• _Exercise requirements_:
Starting at the line that contains "Pair of French", print each line exactly through the end of the listing. Skip any pictures and add nothing.

• _Stored data_:
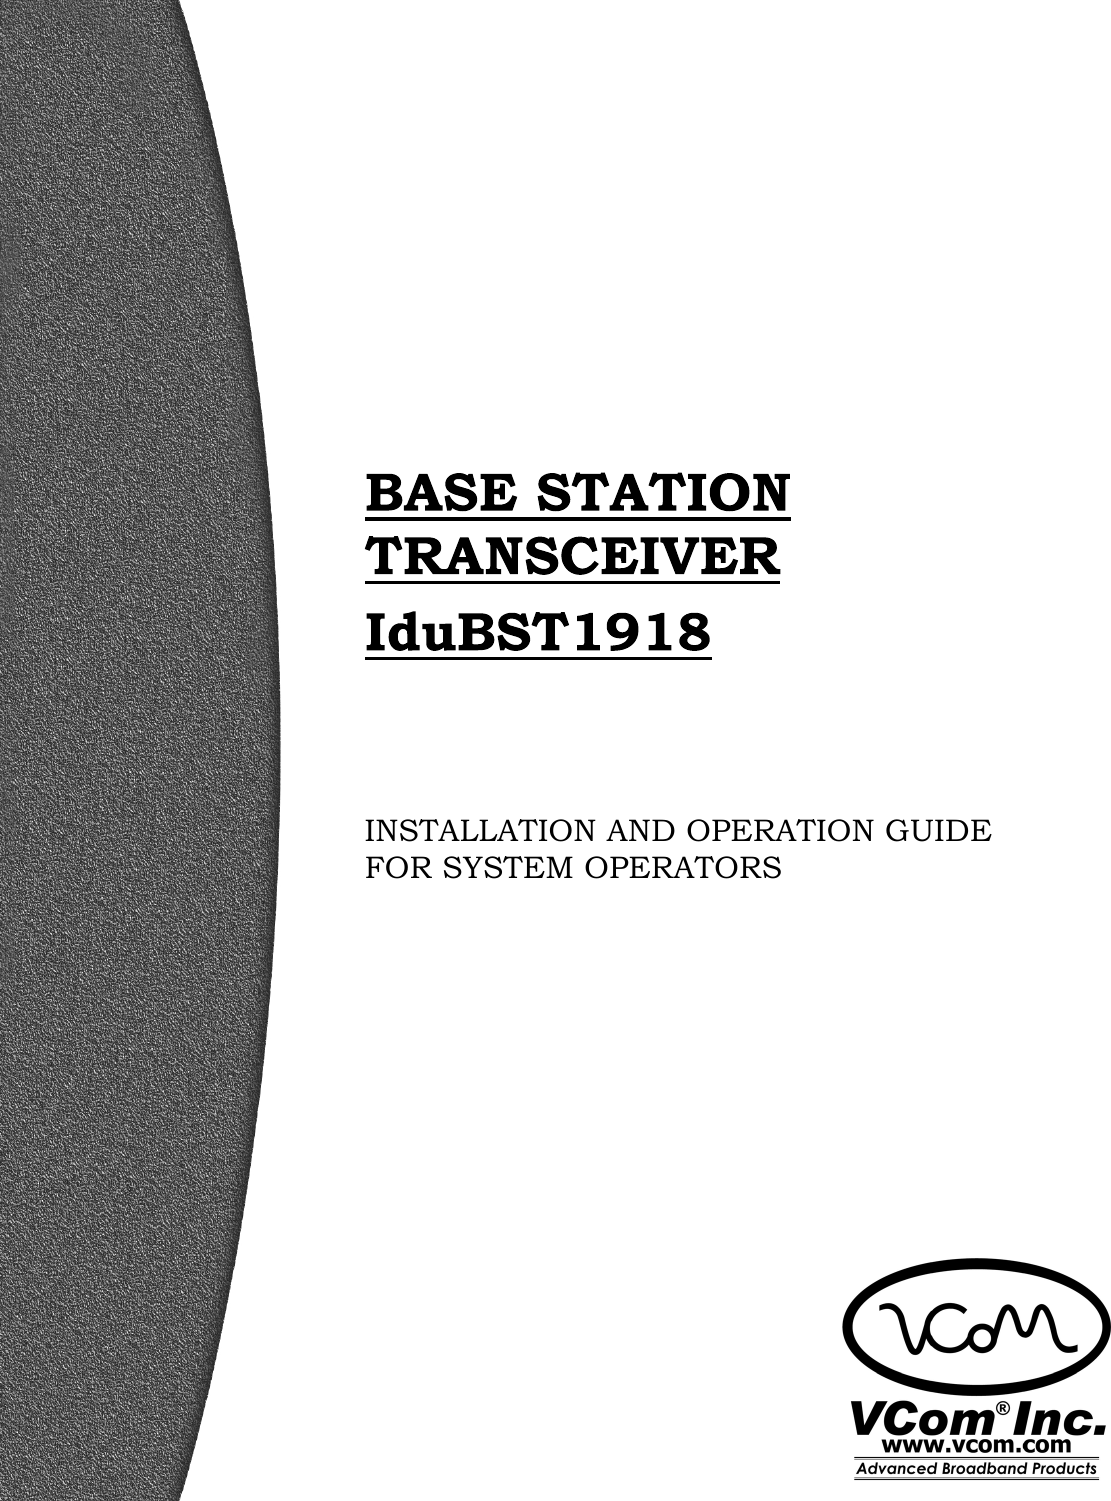     INSTALLATION AND OPERATION GUIDE FOR SYSTEM OPERATORS 
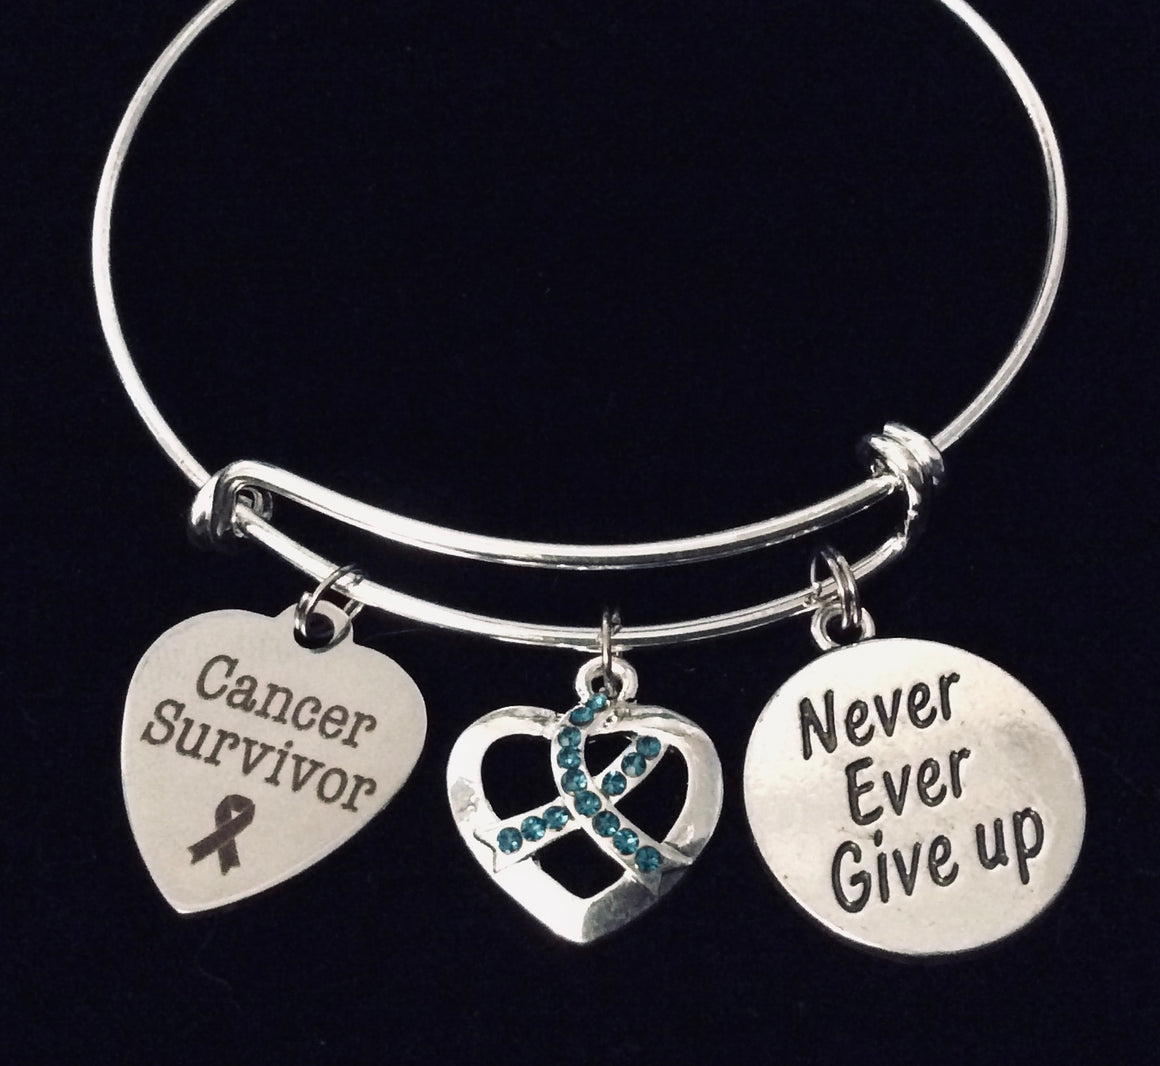 Never Give Up Cancer Survivor Jewelry Teal Expandable Charm Bracelet Adjustable Bangle One Size Fits All Gift
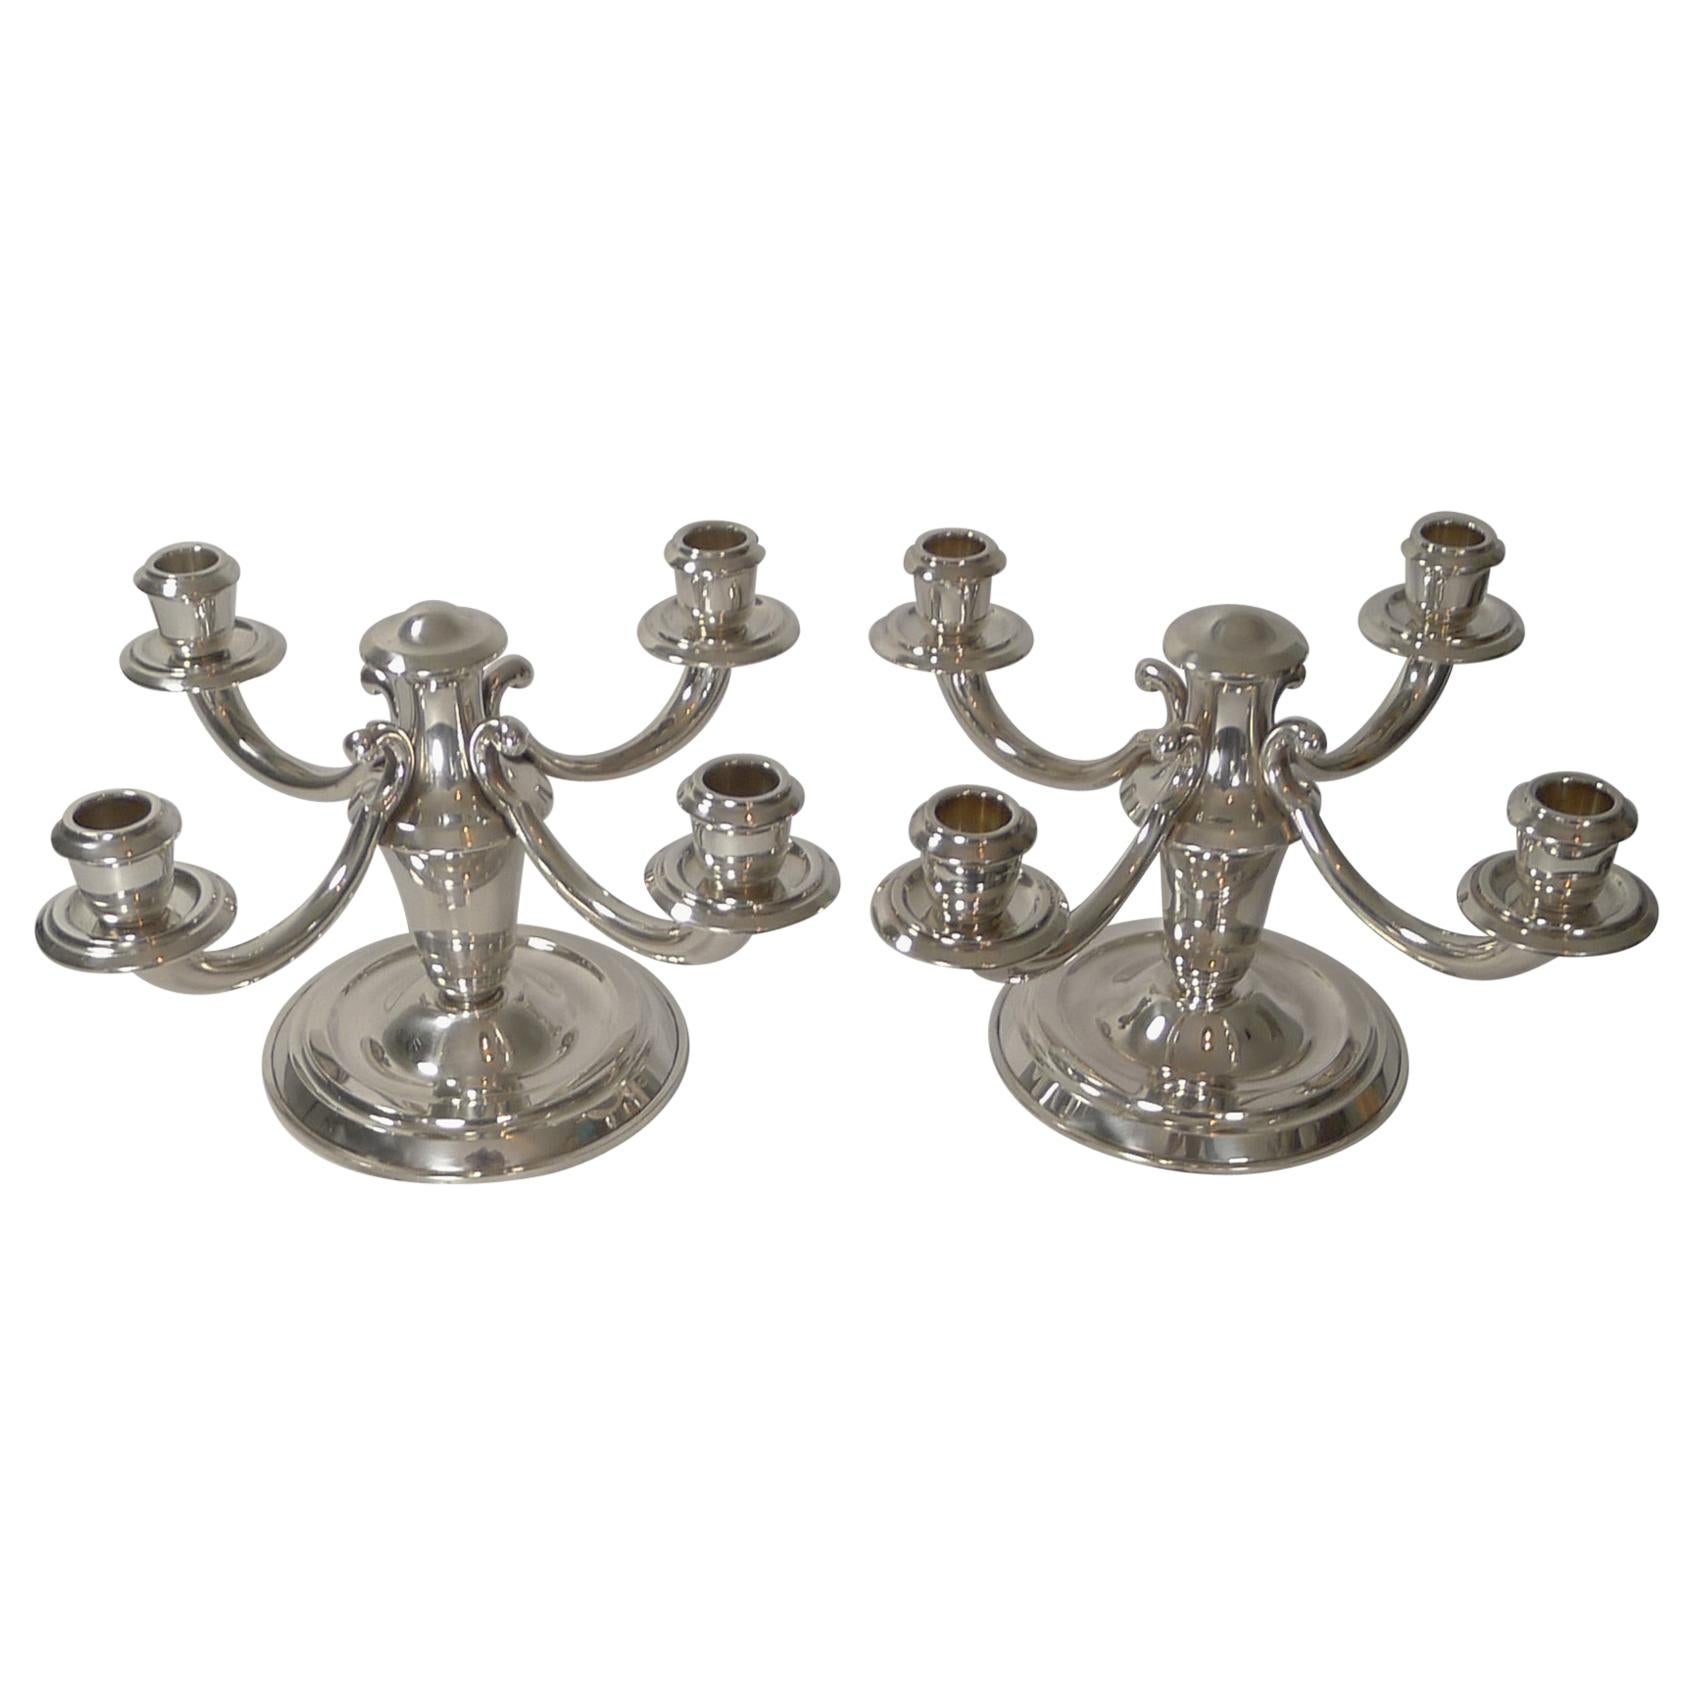 Pair of French Art Deco Candelabra in Silver Plate by Ravinet d'Enfert
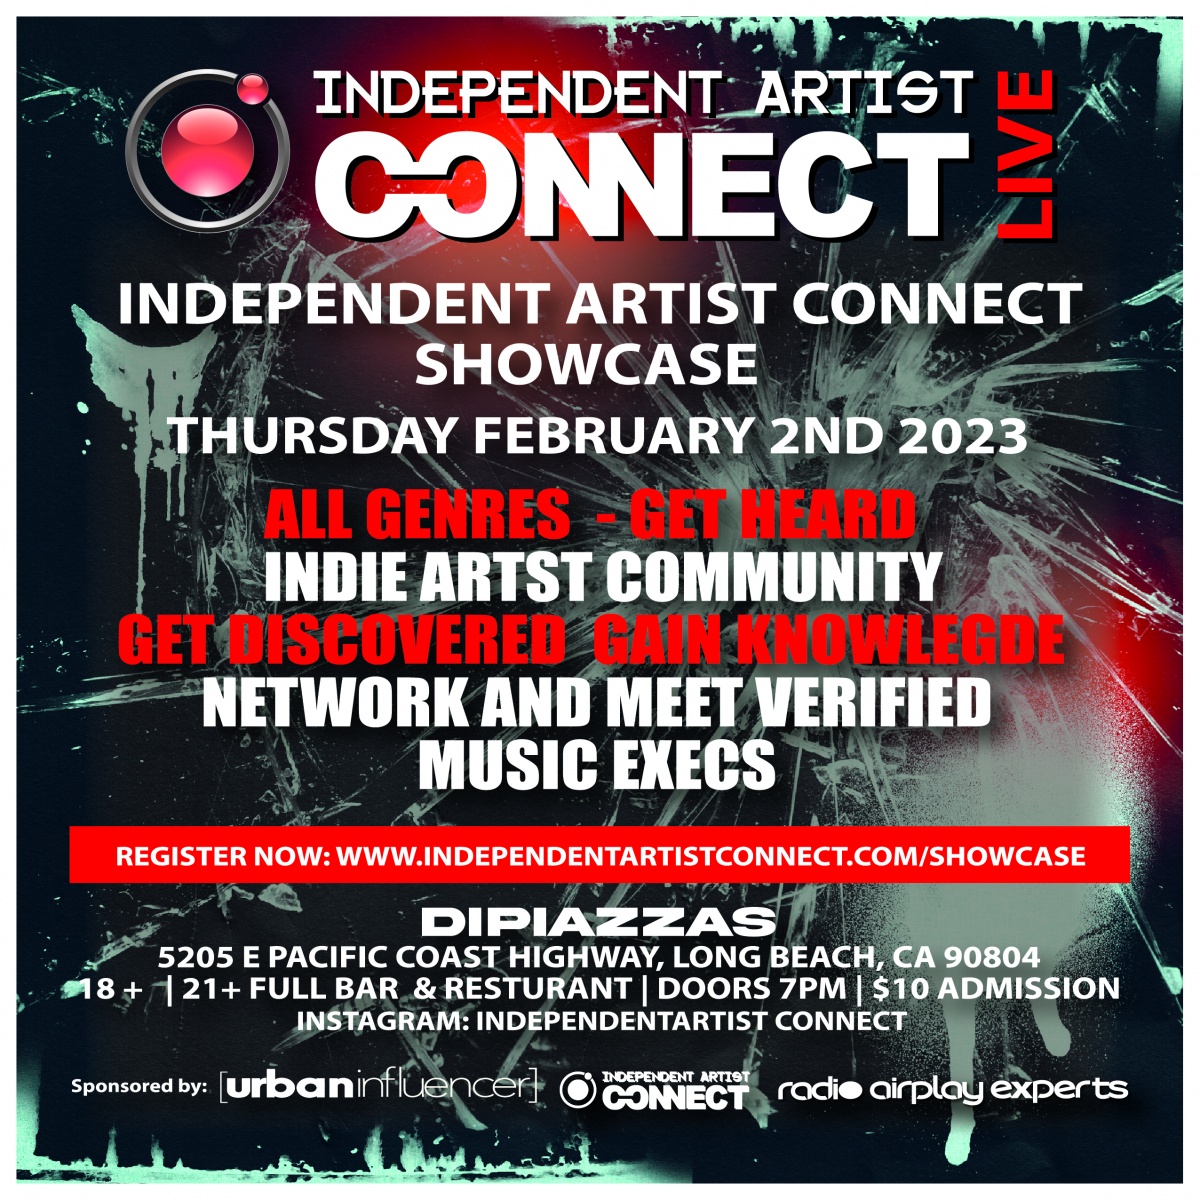 Event: INDEPENDENT ARTIST CONNECT SHOWCASE.

• _Exercise response_:
 Pair of French Art Deco Candelabra in Silver Plate by Ravinet d'Enfert
 Event: INDEPENDENT ARTIST CONNECT SHOWCASE.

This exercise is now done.